Vision

• The data revolution has created novel challenges and unprecedented opportunities. The vision of the Department of Data Science is to create a first-class academic department that trains the next generation of students as data scientists who will solve these grand challenges and innovate through world-class research to take advantage of these opportunities.

Mission

• Educate students in a field that has ushered in a once-in-a-generation revolution, comparable to the industrial revolution and the original computing revolution.
• Provide an environment for leading edge research that has a strong and rapid impact on the economy and that reestablishes RGMCET as a world leader in technological advancement.
• Create a source of scholarship on the many technical, ethical, and privacy issues that ubiquitous data creation is constantly confronting us with.
• Establish a center of technology knowledge and a "go to organization" to service data creators, providers, managers, curators, and users of the State and the Nation.
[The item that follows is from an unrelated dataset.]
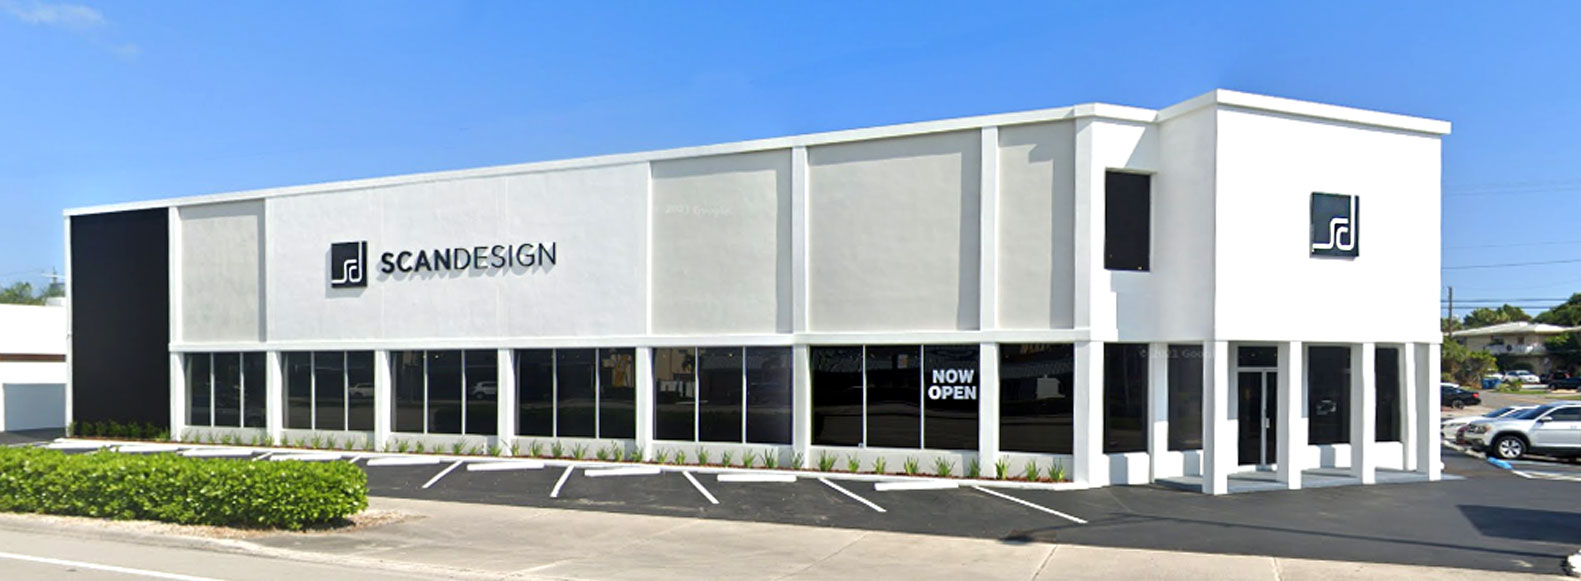 Scan Design - Ft. Lauderdale

Program Specific Outcomes (PSO's)

1. Ability to apply mathematical and statistical models, computing theory, the principles of optimization, as well as languages and algorithms, and to appropriately formulate and use data analysis.
2. Ability to apply the principles and techniques of database design, and implementation to enhance data collection capabilities and decision-support systems.
3. Ability to invent and use appropriate models of data analysis, assess the quality of input, derive insight from results and investigate potential issues. Also to organize big data sets into meaningful structures, incorporating data profiling and quality standards.

Objectives of the Program : After the completion of the degree, students would -

• Be prepared with a varied range of expertise in different aspects of data science such as data collection, visualization, processing and modeling of large data sets
• Acquire good understanding of both the theory and application of applied statistics mathematics and computer science based existing data science models to analyse huge data sets originating from diversified application areas.
• Be able to create models using the knowledge acquired from the program to solve future challenges and real-world problems requiring large scale data analysis.
• Be better trained professionals to cater the growing demand for data scientists and engineers in industry.
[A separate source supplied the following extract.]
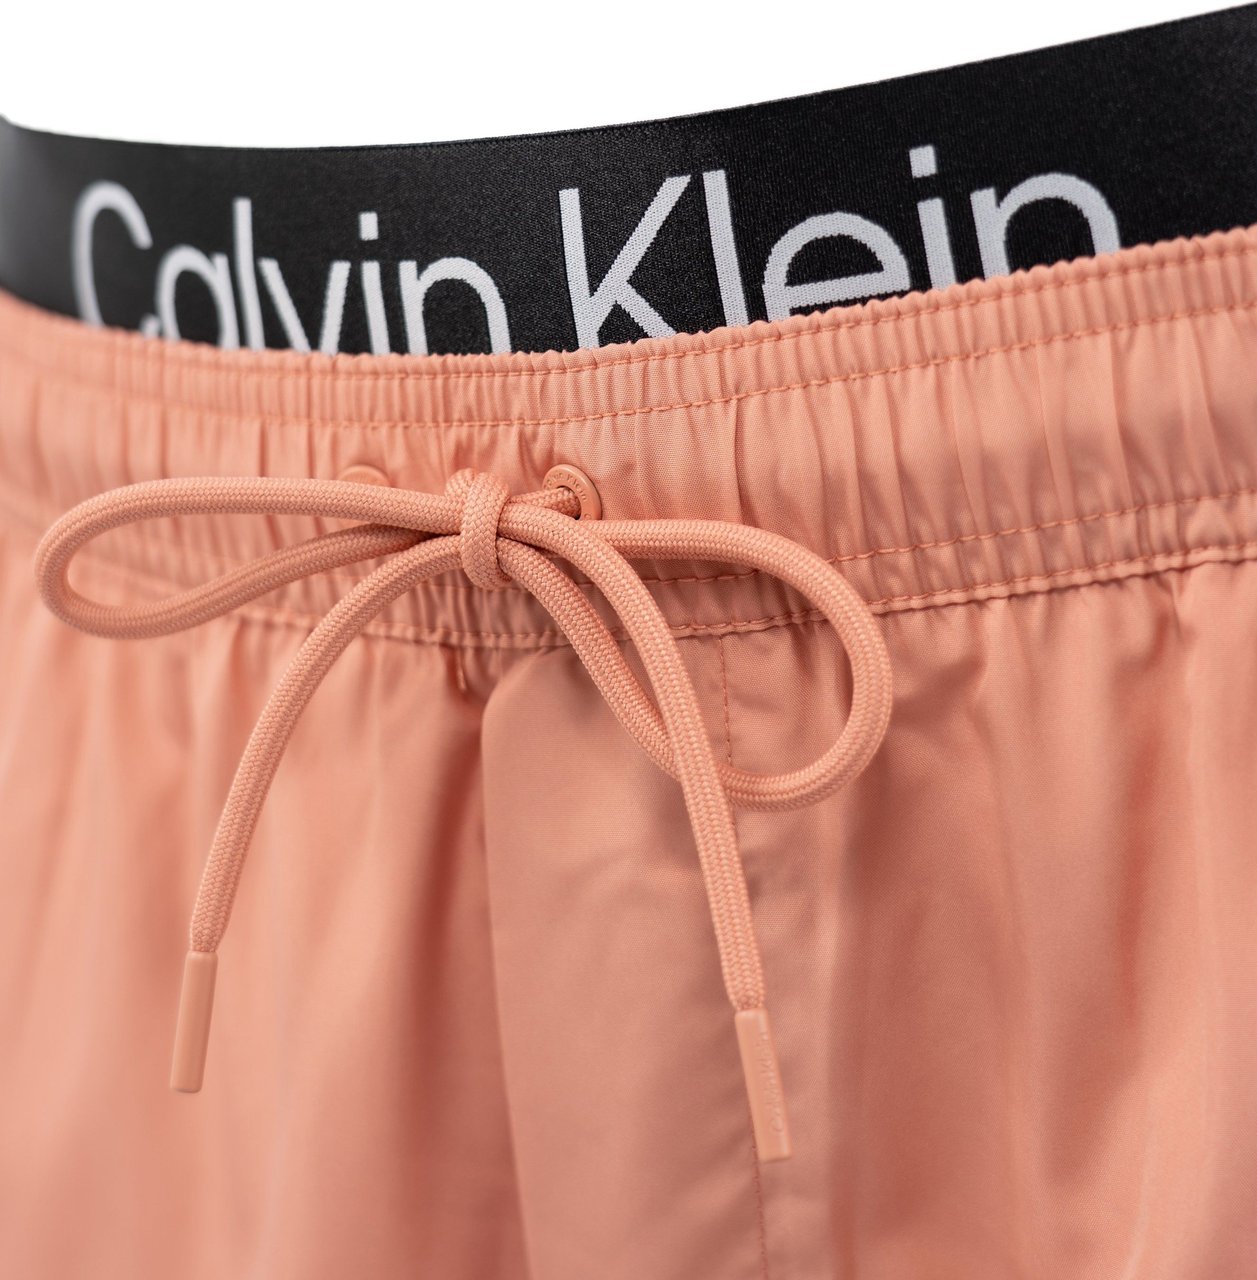 Calvin Klein Zwembroek Oranje

Program Outcomes (PO's) - Engineering Graduates will be able to:

1. Engineering knowledge: Apply the knowledge of mathematics, science, engineering fundamentals, and an engineering specialization to the solution of complex engineering problems.
2. Problem analysis: Identify, formulate, review research literature, and analyze complex engineering problems reaching substantiated conclusions using first principles of mathematics, natural sciences, and engineering sciences.
3. Design/development of solutions: Design solutions for complex engineering problems and design system components or processes that meet the specified needs with appropriate consideration for the public health and safety, and the cultural, societal, and environmental considerations.
4. Conduct investigations of complex problems: Use research-based knowledge and research methods including design of experiments, analysis and interpretation of data, and synthesis of the information to provide valid conclusions.
5. Modern tool usage: Create, select, and apply appropriate techniques, resources, and modern engineering and IT tools including prediction and modelling to complex engineering activities with an understanding of the limitations.
6. The engineer and society: Apply reasoning informed by the contextual knowledge to assess societal, health, safety, legal and cultural issues and the consequent responsibilities relevant to the professional engineering practice.
7. Environment and sustainability: Understand the impact of the professional engineering solutions in societal and environmental contexts, and demonstrate the knowledge of, and need for sustainable development.
8. Ethics: Apply ethical principles and commit to professional ethics and responsibilities and norms of the engineering practice.
9. Individual and team work: Function effectively as an individual, and as a member or leader in diverse teams, and in multidisciplinary settings.
10. Communication: Communicate effectively on complex engineering activities with the engineering community and with society at large, such as, being able to comprehend and write effective reports and design documentation, make effective presentations, and give and receive clear instructions.
11. Project management and finance: Demonstrate knowledge and understanding of the engineering and management principles and apply these to one’s own work, as a member and leader in a team, to manage projects and in multidisciplinary environments.
12. Life-long learning: Recognize the need for, and have the preparation and ability to engage in independent and life-long learning in the broadest context of technological change.